Lüner Kurt Glodny will mit Buch zum Nachdenken anregen
Er ist ein Mann, der unglaublich viel erlebt hat. Fängt er an von früher zu erzählen, zieht er denn Zuhörer in seinen Bann und schafft es, eine Zeit aufleben zu lassen, die schon viele Jahre vorbei ist. Kurt Glodny ist 88 Jahre alt und während des Nationalsozialismus in Oberschlesien aufgewachsen.
Über 70 Jahre ist es her, dass er Ende 1945 mitten in der Nacht gemeinsam mit seinem Vater nach Deutschland floh. 2015 begann für ihn dann eine Reise in die Vergangenheit oder wie er es selbst beschreibt in seine „verlorene Heimat“. Gemeinsam mit seiner Frau und seiner Tochter fuhr er zurück zu seinem Geburtshaus dem Forsthaus Sandwiesen, das nahe Gleiwitz im heutigen Polen liegt. Der Auslöser für Kurt Glodny, seine Erinnerungen festzuhalten. In seinem Buch, das den Titel „So war es – Erlebnisse eines oberschlesischen Vorkriegskindes“ trägt.
Erinnerungen, die aufrütteln sollen
Auf 336 Seiten möchte Glodny in diesem autobiographischen Werk aufrütteln. Und beschreibt in vielen kleinen Kapiteln die Momente seiner Kindheit und Jugend – die schönen sowie die vielen grausamen. Vom Aufwachsen in dem Forsthaus in der Nähe von Gleiwitz mit seiner Schwester, über die Hitlerjugend, bis hin zur Flucht mit dem Vater und dem Wiedersehen mit seiner Mutter lange nach der Flucht.
Prägende Erlebnisse
Auf berührende Art erzählt er von vielen prägenden Momenten, die ihn bis heute nicht vollkommen loslassen: „Ein ungewöhnlicher Zug fuhr auf Bahnsteig drei ein. Es war ein langer Güterzug, er beanspruchte die ganze Länge des Bahnsteiges und bestand aus lauter Viehwagen. […] Schnell merkte ich, es waren keine Tiere, es waren Menschen, die wie Tiere transportiert wurden. In den Luken der Waggons waren glatzköpfige Menschenköpfe zu sehen. Waren es Verbrecher, waren es Kriminelle? Nein es waren Menschen, normale Menschen, abgestempelt von Menschen als minderwertige Subjekte, die zum Leben in dieser Gesellschaft keine Berechtigung hatten. Was ging damals in mir vor?“, heißt es in dem Kapitel, das den Namen „Mein traumatisches Erlebnis am Gleiwitzer Bahnhof trägt.

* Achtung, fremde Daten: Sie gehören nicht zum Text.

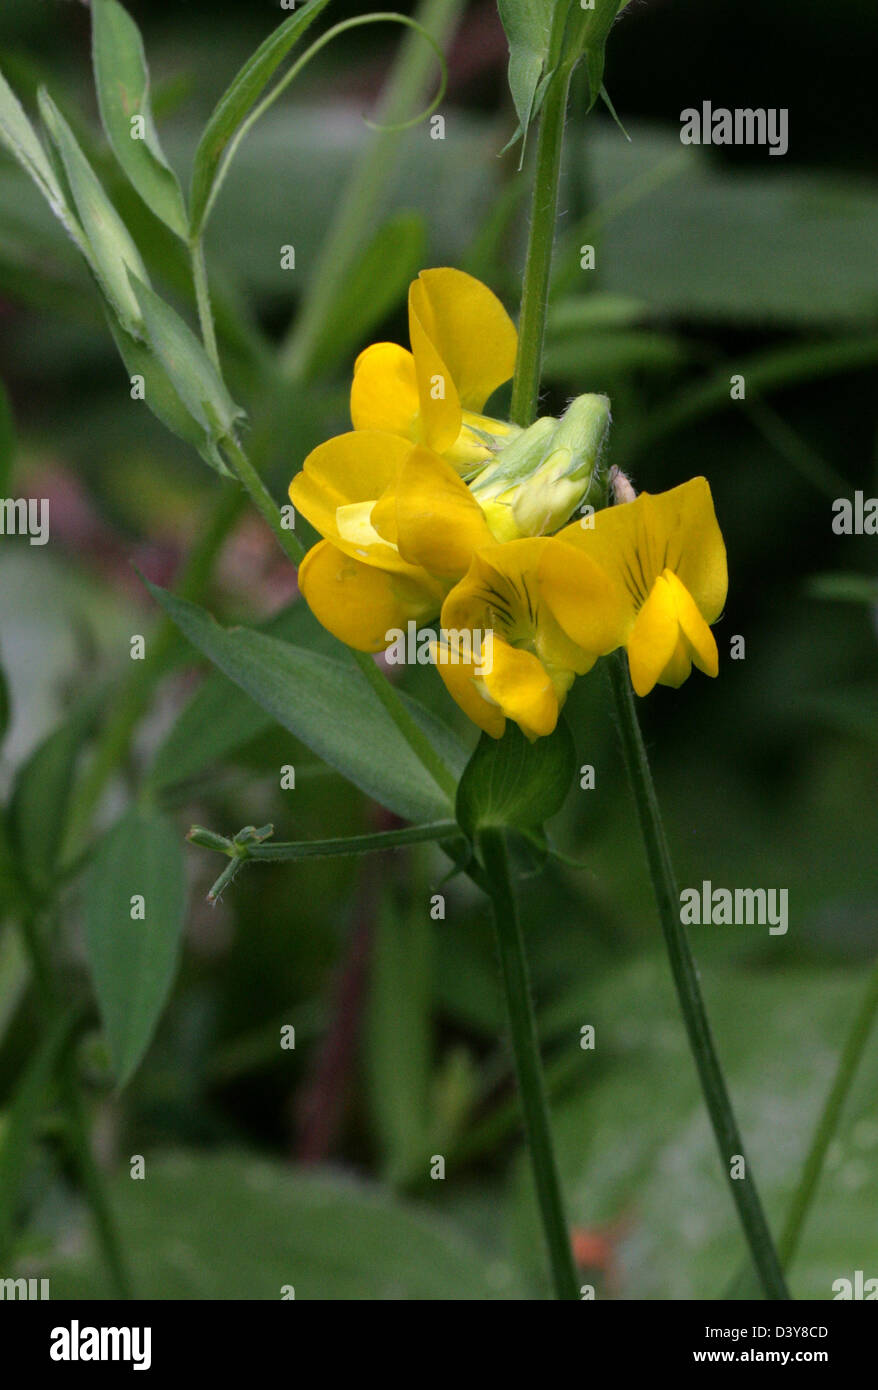 Meadow Vetchling, Lathyrus pratensis, Fabaceae. Stock Photo

Es erzählt vom 12-jährigen Kurt Glodny, der gerne am Bahnsteig stand und Züge beobachtete. Und dabei einen Transport von Menschen ins Konzentrationslager Auschwitz beobachtete. „Das einzige, was die Menschen da schrien war: ‚Wasser, Wasser‘. Ich habe mich erst gefragt, sind das jetzt Verbrecher. Wir waren während dieser Zeit so vom Nationalsozialismus beeinflusst, da versteht man das nicht so wirklich“, erzählt Glodny während er auf das Erlebnis zurückblickt. Trotzdem war dieses Erlebnis eins, durch das in ihm erste Zweifel aufkamen.
Zum Nachdenken anregen
Ein Kapitel und Gedankengänge, die zum Nachdenken anregen. Und genau das ist es, was Glodny mit seinen Erzählungen viele Jahre später bezwecken möchte: „Der Leser soll erkennen, wie Menschen manipuliert werden, zu welchen Untaten oft Politiker Menschen auffordern, zu welchen Verbrechen Menschen fähig sind.“
Erinnerungen an damals
Seit über 40 Jahren lebt Kurz Glodny nun gemeinsam mit seiner Frau Brambauer. In seinem Haus in Brambauer gibt es immer noch viele Erinnerungen an früher. Alte Fotos von seinem Geburtshaus, die er durch einen Zufall viele Jahre später von ehemaligen Nachbarn bekommen hat. Eine ganz besondere Erinnerung bewahrt er in einem kleinen Kästchen. Es ist ein winziges Stück Brot aus dem Jahr 1945. „Das haben meine Schwester und ich 1945 vor dem Einmarsch der roten Armee von unserer Mutter bekommen“, erklärt er. Als Symbol dafür, dass er und die Schwester immer genug davon sollen.